2
Victoria Falls
Situated well over three hundred miles west of Harare, the powerful Victoria Falls pours into the Zambezi, one of the continent’s longest rivers. Priscilla slept throughout half of the flight there. She finally awoke around noon the same day that she and Carlton had gone to the Chapungu Sculpture Park, just as the plane was circling the falls.
As she peered out of her window, “Wow! I can’t believe my eyes!” she cried out, like an excited little girl.
Then she spotted some tourists bungee jumping off the Zambezi Bridge that connected Victoria Falls to Zambia, and said, “I don’t think they’d let us do that in America.”
When the airplane landed, a driver met the couple and drove them to the Victoria Falls Safari Lodge. As they drove up to the entrance to the hotel, Priscilla could not believe her eyes. She saw a small group of tourists standing at the entrance, watching a tall, middle-aged black man adorned in colorful regalia: an oversized feather-laden headdress, a leopard-skin robe, and beads around his ankles. He had an ashen-covered face, and he stomped his feet and pointed a wooden staff here and there, as if he were warning the visitors to keep away. Then he pranced about some broken bones scattered on the ground near his feet. He stopped abruptly. He pointed to a wooden painted shield that was erected against the wall behind him. The closest thing Priscilla had ever seen resembling the man was what Americans call a medicine man from some of the American Indian tribes. She stood mesmerized as the man performed his ritual and danced—bending over and picking up some of the bones and tossing them much as someone tosses dice on a casino table. Suddenly, he paused and mumbled something unintelligible to Priscilla’s ears. She felt as if he were addressing her. She stared at the man and smiled. He smiled back at her. Then he resumed his performance. Priscilla did not realize that the man was an employee of the hotel catering to the whims of the tourists.
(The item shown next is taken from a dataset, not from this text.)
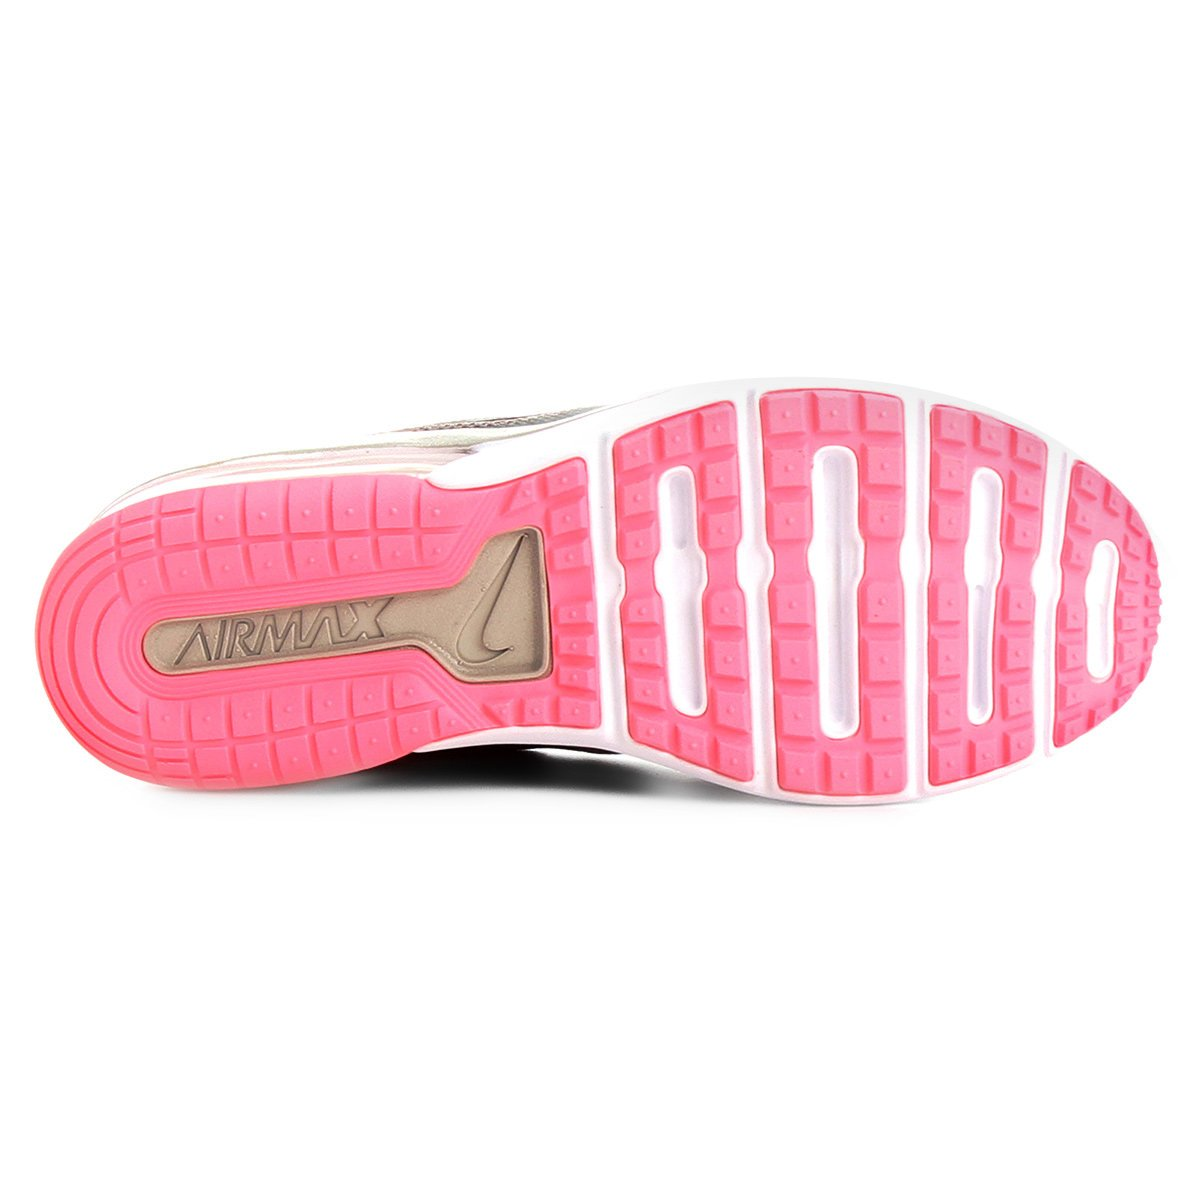 e Feminino Tênis Fury Max Nike Off Coral Air white 7qq01wpx
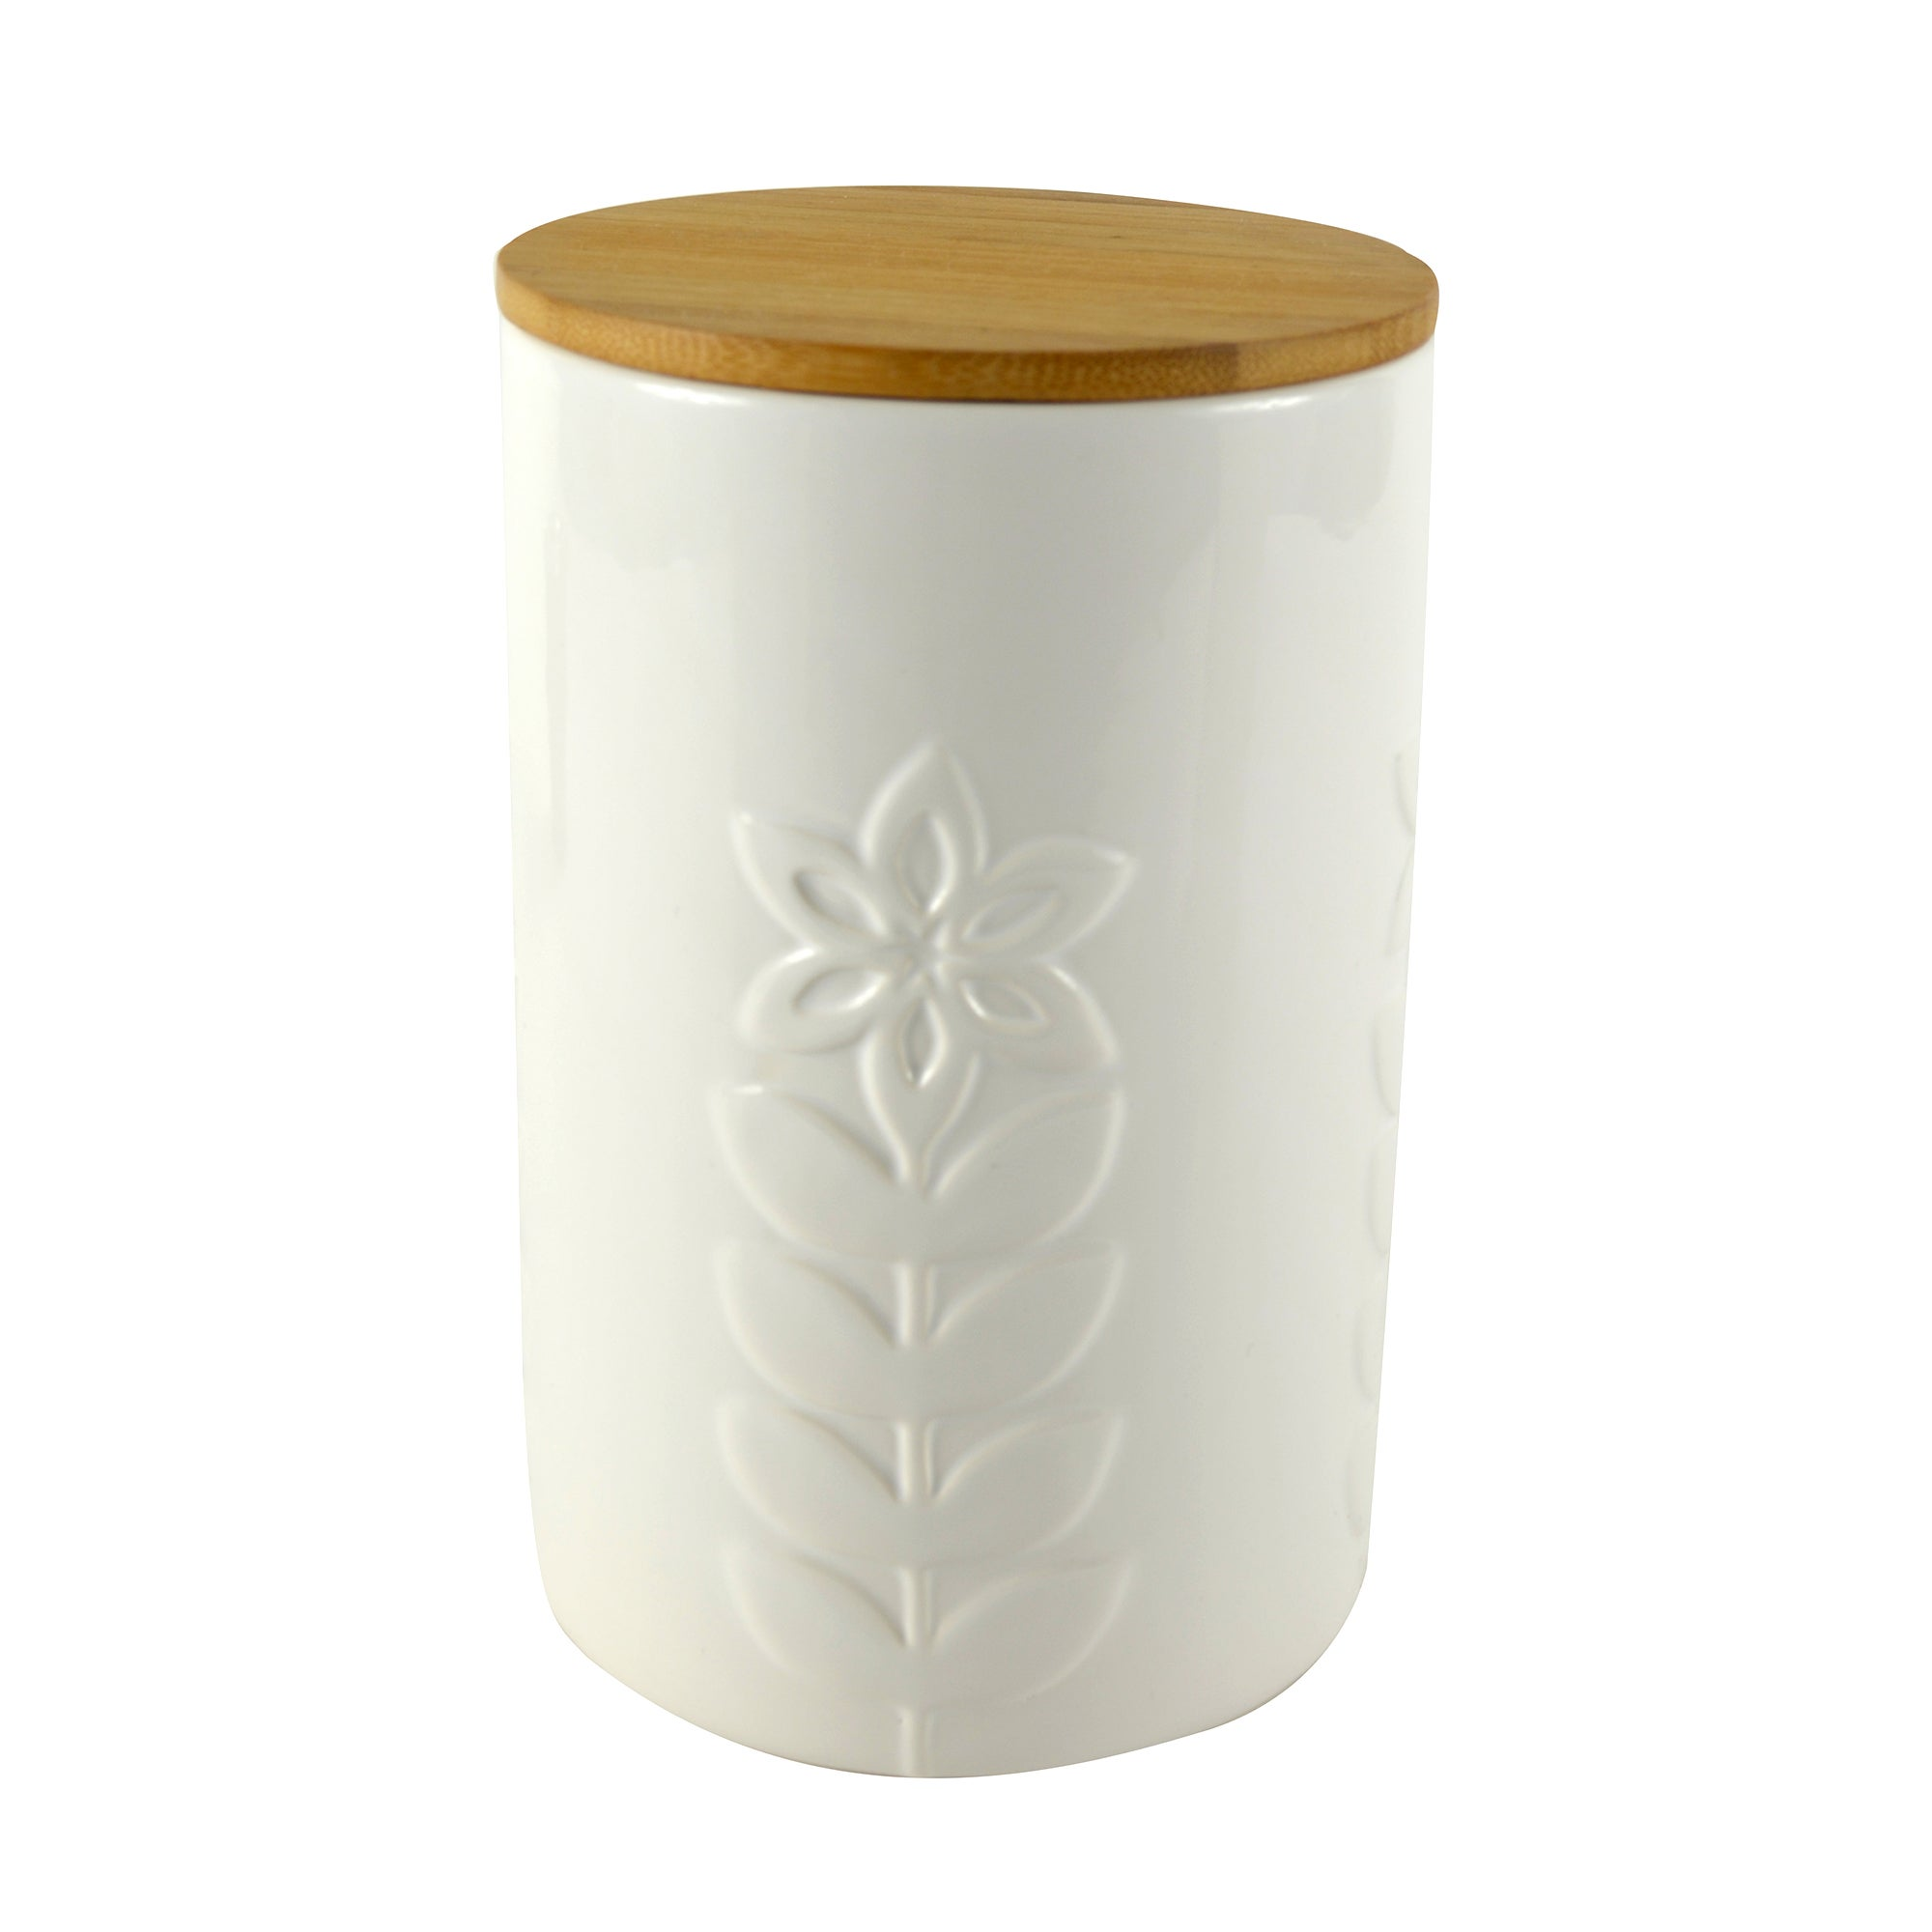 tea coffee sugar storage jar shop for cheap cookware. Black Bedroom Furniture Sets. Home Design Ideas

After she and Carlton had gone to their room and changed clothes, Priscilla said, “Please, Carlton. I want to see the falls.”
With much excitement, again she said, “Please, Carlton. I want see the falls.”
Carlton was so surprised at the extent of her excitement that he stopped leafing through his tour packet of coupons for a safari and a tour of Victoria Falls. “Okay, Missy. Let’s go.” He had never before seen her so excited.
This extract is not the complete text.